A. Representative recordings from proximal colon. DCA (100 µM) immediately inhibited spontaneous phasic contractions, but did not alter basal tone. UDCA (100 µM) did not reduce the frequency of spontaneous contractions. Tetrodotoxin (TTX) and L-NAME abolished the effects of DCA. B–D. Effects of treatments on frequency of contraction, in which the frequency prior to stimulation is normalized to 1. B. Effects of graded concentrations on DCA in proximal colon. C, D. Tetrodotoxin and L-NAME abolished the effects of DCA in the proximal colon (C) and ileum (D). The effects of DCA (100 µM) on the proximal colon were significantly reduced by hexamethonium, but not by atropine (C). TDCA (100 µM) did not have any effect on spontaneous activity of the ileum relative to vehicle control (D). * P< 0.05, ** P<0.01, *** P<0.001 (n≥6).

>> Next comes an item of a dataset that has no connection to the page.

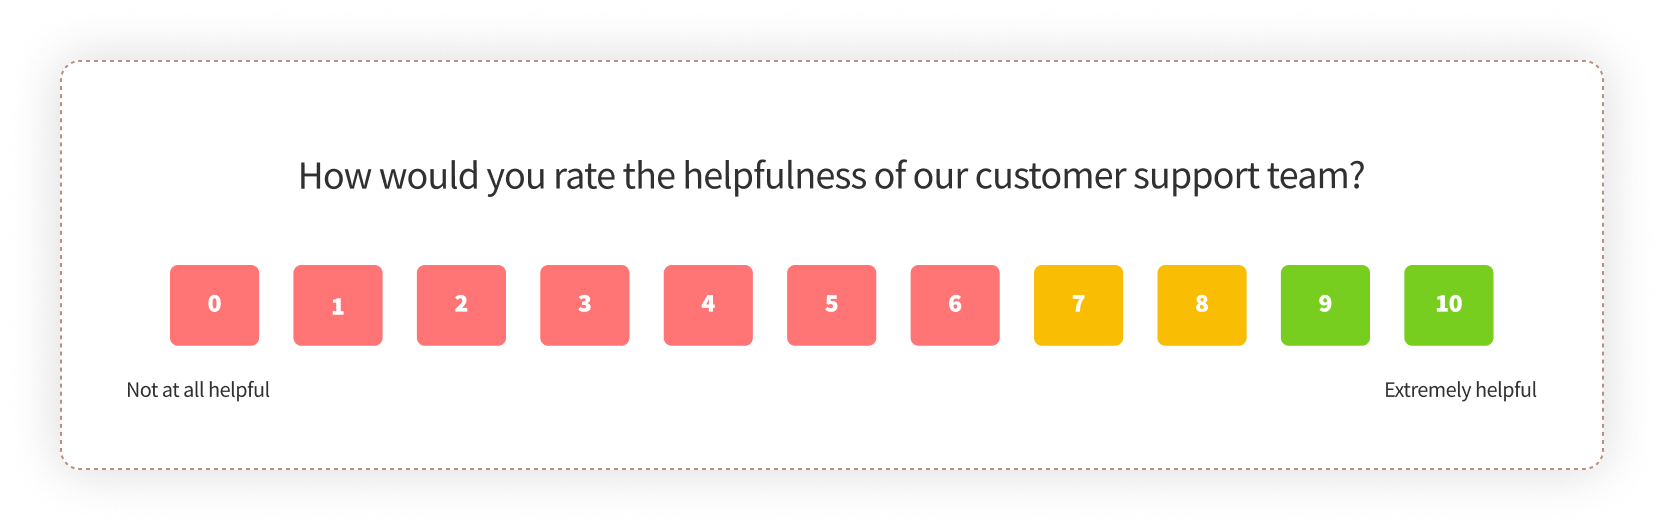 1 to 10 opinion scale question for customer support interaction

Figure 8. Effects of BAs on gastric emptying and small intestinal transit

Phenol red and DCA, UCDA or vehicle (control) were administered by gavage. After 30 min, the proportion of the administered phenol red was determined in the stomach and in 3 equal segments of small intestine. Gastric emptying (A), transit of the marker in the intestinal segments (B) and the geometric center of the marker in the small intestine (C) were determined. Compared to control, DCA but not UCDA inhibited gastric emptying and caused retention of the marker in the proximal segments of the intestine, reducing the geometric mean of the marker distribution. * P< 0.05 (n≥6).